This repo aggregates audio/speech corpora for Yorùbá tasks, similarly to the yoruba-text for text datasets. The corpora may contain aligned text or be purely unlabeled.
The objective is to have a bird's eye view of available Yorùbá audio, and it's metadata and entropy, to inform additional data collection tasks & modeling. For example, if we see a large Broadcast news corpus, we might be interested to train a self-supervised model on a pretext task to generate speech embeddings for use in ASR/TTS work.
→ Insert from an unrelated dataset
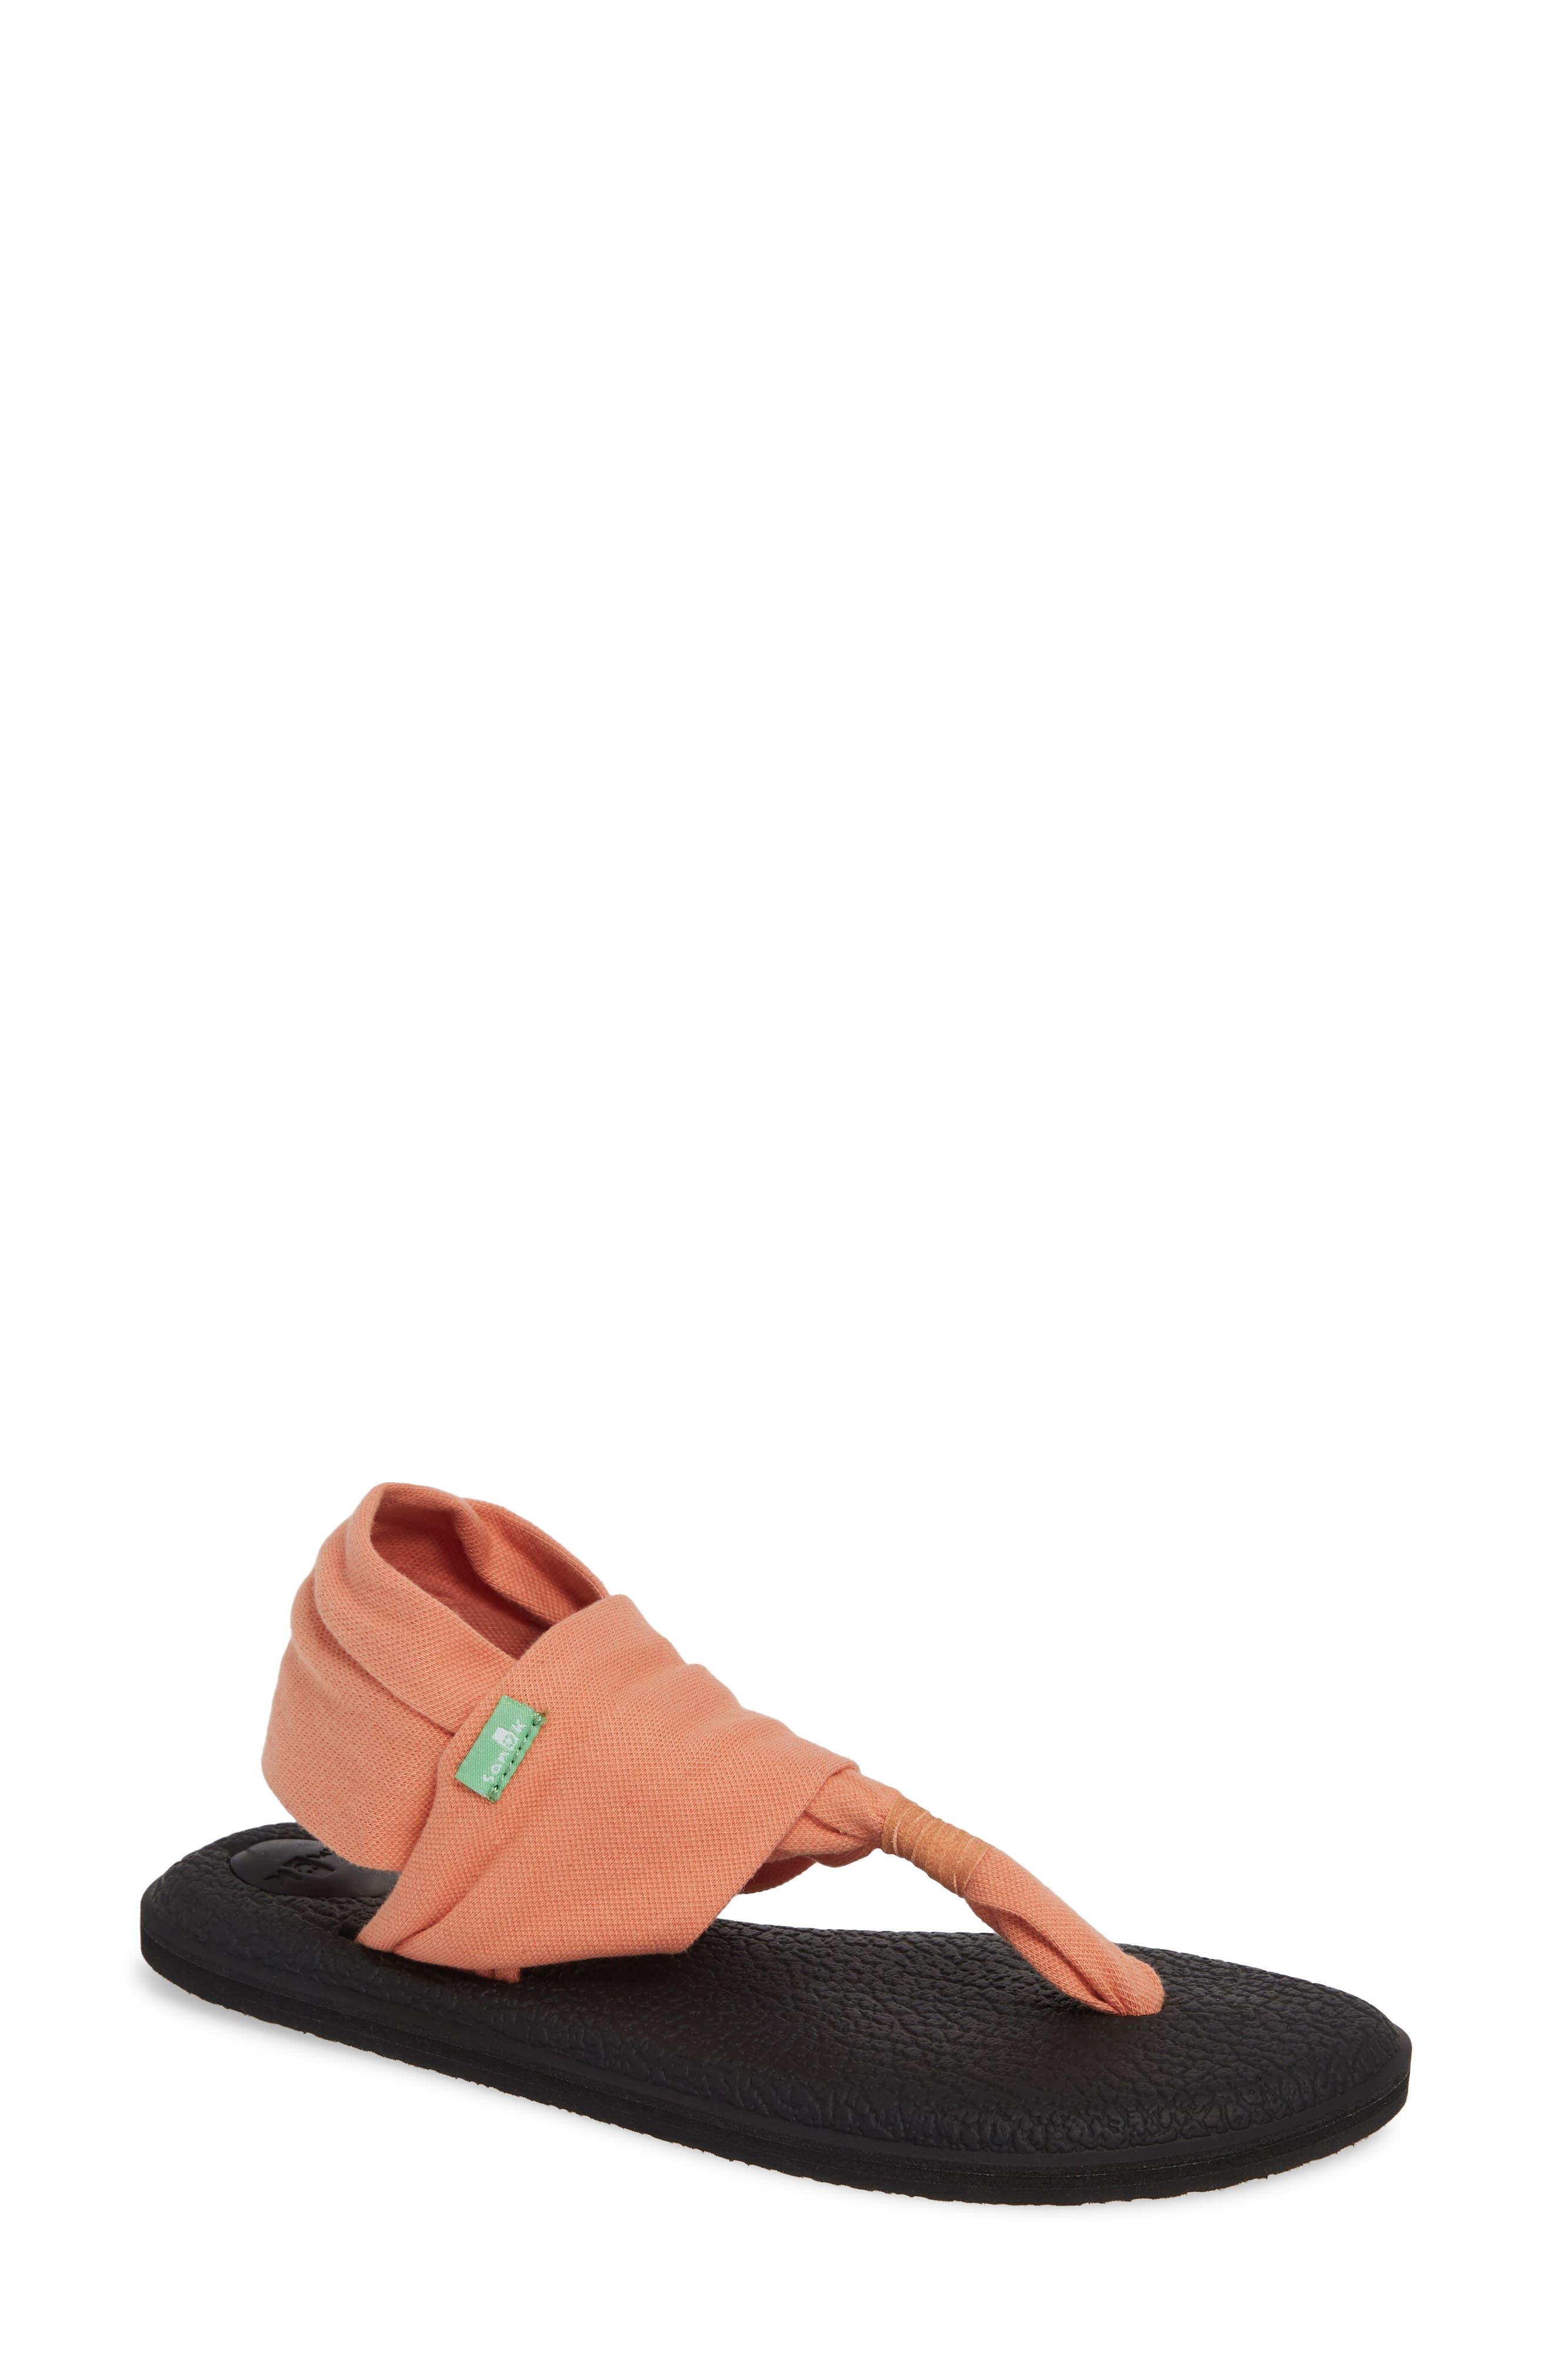 SANUK, 'Yoga Sling 2' Sandal, Main thumbnail 1, color, CARNELIAN

| Name | Size in HH:MM:SS | Transcribed | Segmented in utterances | Aligned | Source |
|---|---|---|---|---|---|
| Lagos-NWU | 02:45:17 | ✔️ | ✔️ | ✔️ | North-West University |
| OpenSLR86 | 04:1:31 | ✔️ | ✔️ | ✔️ | OpenSLR, Google |
| Bíbélì Mímọ́ (NIV) | 93:38:15 | ✔️ | Biblica Open Bible | ||
| Bíbélì Mímọ́ (KJV) | ✔️ | Bible.is | |||
| Colloquial Yorùbá | 02:32:29 | ✔️ | Audio files, Textbook | ||
| OrisunTV Broadcast News | 81:49:29 | Youtube | |||
| VoxLingua107 | 94:2:45 | ✔️ | post-filtered from Youtube |